Finally, we explored the statistical evidence for some interplay between the QTLs on 2q and 4q, revealed in the present study, and other loci on 1q and 5q earlier identified in Finnish schizophrenia families (18–20). Interestingly, the evidence of linkage of delayed memory to 4q21 was higher for families showing exclusion of linkage to either 5q31 or, to a lesser extent, 1q42. In sharp contrast, no such difference was observed with linkage of visual working memory to 2q36. Thus, we found some initial evidence of negative interaction between the schizophrenia susceptibility loci on 5q31 and the QTL on 4q21. Alternatively, the finding could indicate that the families linked for example to 5q are descendants of a founder allele and more closely related to each other than to the rest of the sample. Hence, eliminating linked families might have left a more homogeneous subsample with stronger linkage signals on 4q, without there necessarily being any functional interaction between the two loci.

To conclude, we detected evidence of linkage of several quantitatively measurable functions related to verbal learning and memory to chromosome 4q21, and suggestive evidence for visual working memory to chromosome 2q35–36 in Finnish schizophrenia families. Both chromosomes have been implicated earlier via genome-wide scans for genetic susceptibility loci for qualitative diagnosis of schizophrenia in Finland as well as elsewhere. Suggestive evidence was also obtained for linkage of recognition memory to chromosome 10p13, a region implicated by several other schizophrenia study groups world-wide, as well as of executive function to 9p22 and visual attention to 15q22 in the Com. In all these loci the linkage information was greatly accentuated by applying the quantitative traits, compared with dichotomous trait definition, emphasizing the value of trait components in addition to the end diagnosis in the search for susceptibility loci for schizophrenia. The current findings should be highly useful in subsequent studies aimed at physical restriction of the loci of interest and analysis of the positional candidate genes, as well as in understanding eventually their role in the normal function of the brain.

	MATERIALS AND METHODS

TOP ABSTRACT INTRODUCTION RESULTS DISCUSSION MATERIALS AND METHODS REFERENCES

 
Samples
Study participants were drawn from a cohort comprising all individuals born in Finland between 1940 and 1976 and screened for a history of hospitalization, drug prescriptions and work disability due to a psychotic disorder between 1969 and 1998 using the Hospital Discharge Register the Free Medicine Register, and the Pension Register. Information was linked to the National Population Register Centre to construct core families. Details concerning the ascertainment strategy, permission to access the registers, informed consent, contacting the probands and family members, and sample collection are given elsewhere (18,20). All available medical records were collected for consensus diagnoses and performing the Operational Criteria Checklist for Psychotic Illness (38). The restricted clinical study included a neuropsychological test battery and the Structured Clinical Interview for DSM-IV. The final consensus best-estimate lifetime diagnosis was assigned based on all information.

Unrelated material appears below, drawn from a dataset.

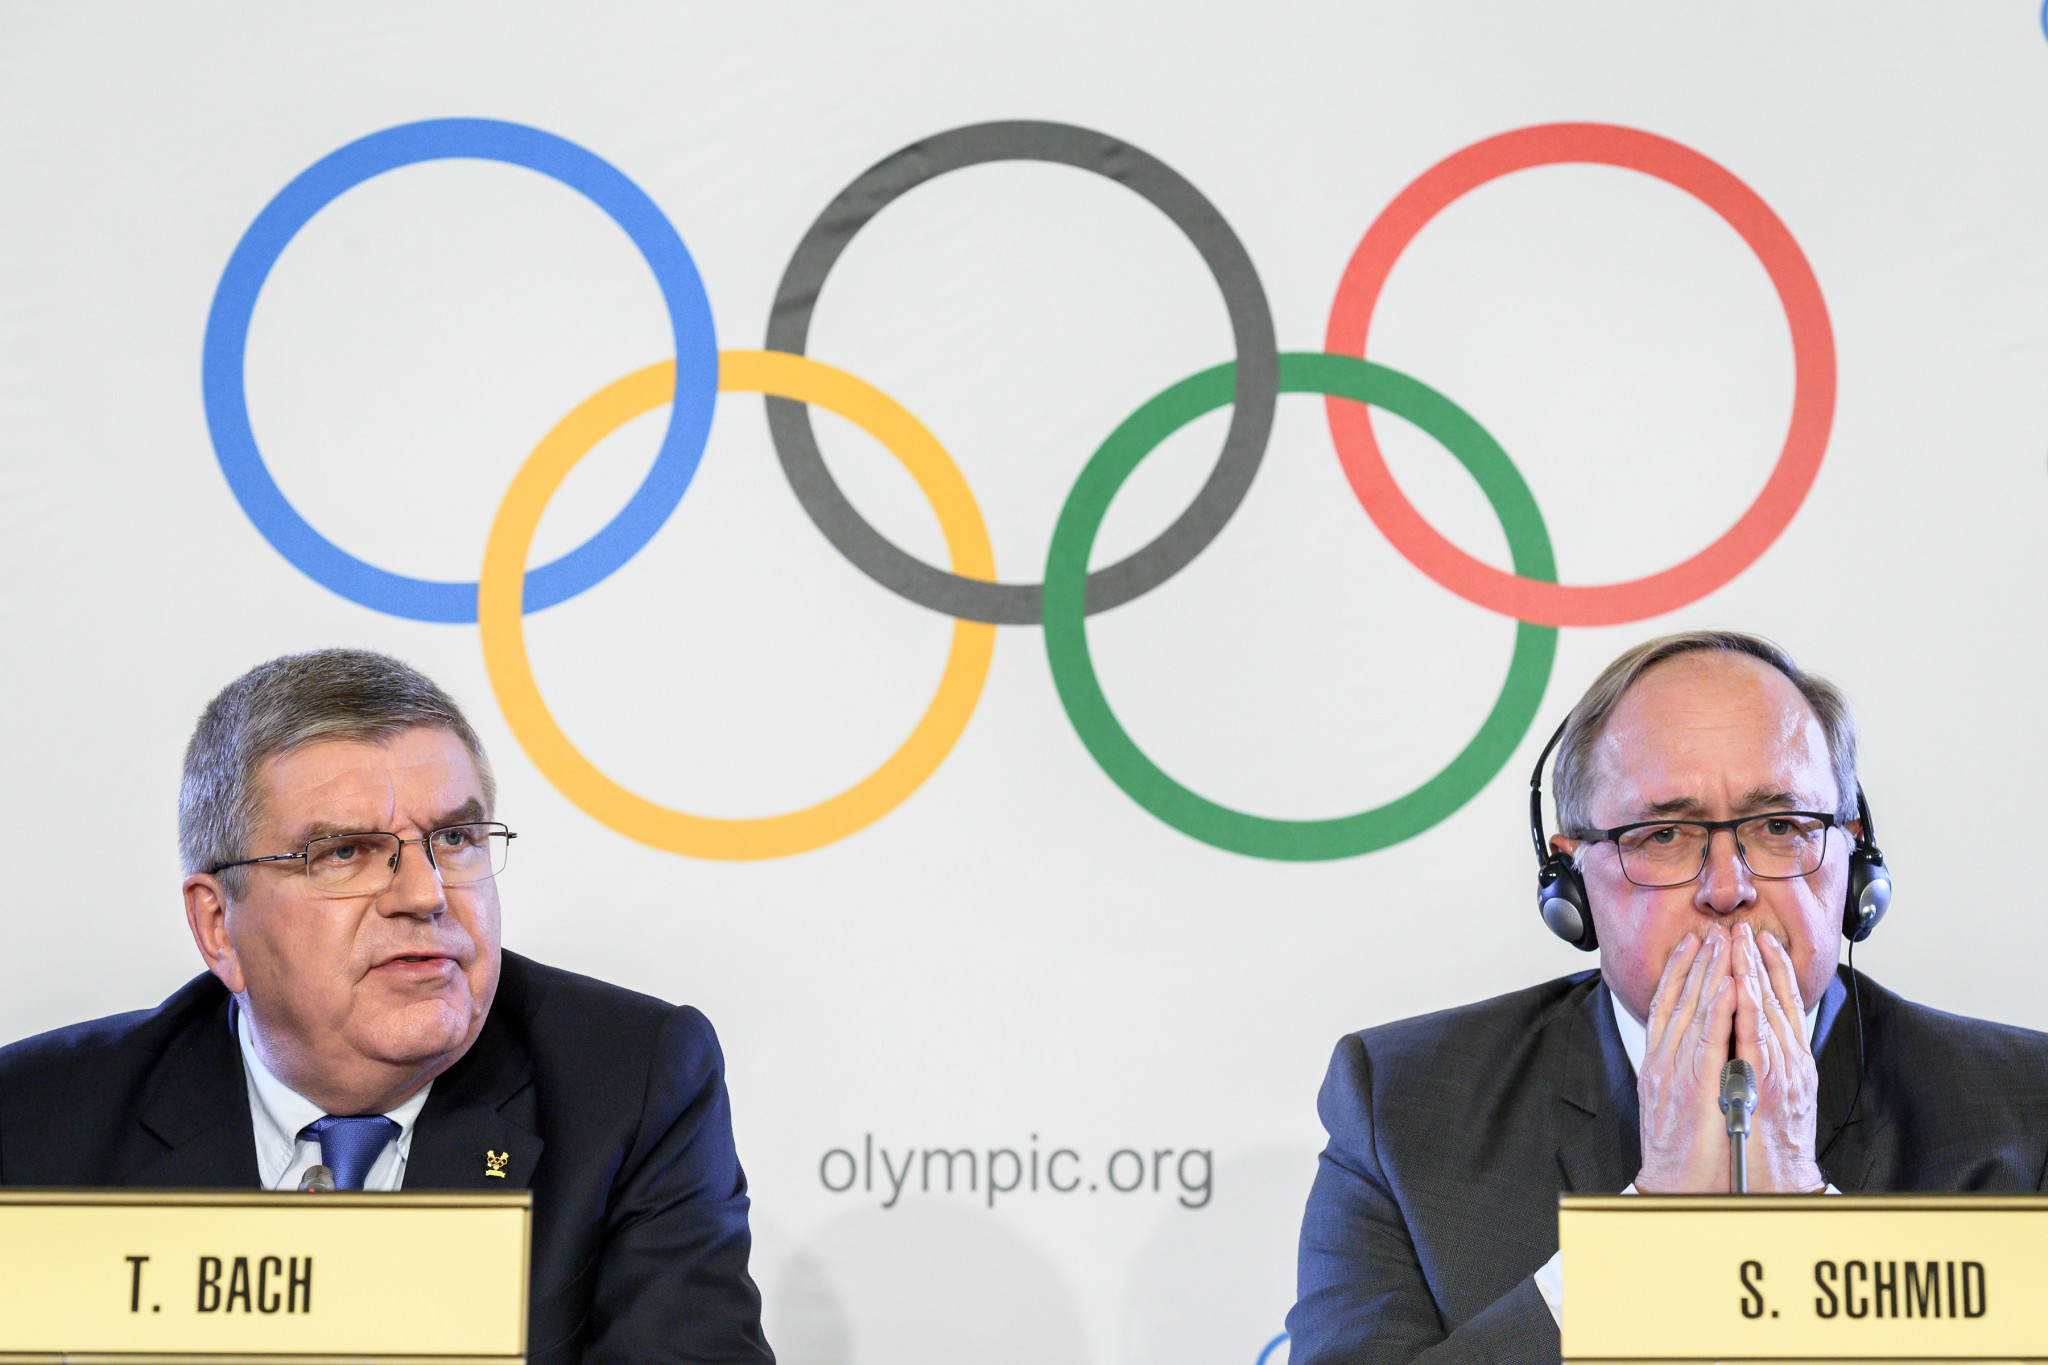 IOC President Thomas Bach, left, alongside Samuel Schmid during the announcement today ©Getty Images

The present study sample was obtained by linking the data derived from neuropsychological tests with the genotypes of genome-wide polymorphic microsatellite markers (20). There were 168 nuclear families with at least two individuals having both interview and molecular genetic data (Table 1). The sample thus comprised 598 individuals: 179 had a diagnosis of schizophrenia (age range 31–73, mean 45.8±8.3; 65 females and 114 males) and 419 were siblings or parents (age range 24–88, mean 52.4±11.9; 218 females and 201 males).

Genotypes were available from a total of 815 individuals of these families. This information was utilized in the subsequent linkage analyses (see later). One hundred and ten families (65%) came from an internal isolate in northern Finland with a high age-corrected lifetime risk of schizophrenia (3.2%) (39) (IS subsample). Although many individual nuclear families of the IS sample can be linked to larger pedigrees (18,20), owing to incompleteness of the data with a significant amount of missing information, analysis of only IS core families was considered to be the most appropriate approach for the current study. The remainder of the families lived elsewhere in Finland (AF subsample). The genealogical search has been reported previously in detail (18,40). The correct family structures were confirmed by Mendelian inheritance analysis of various multiallelic markers within the families (20).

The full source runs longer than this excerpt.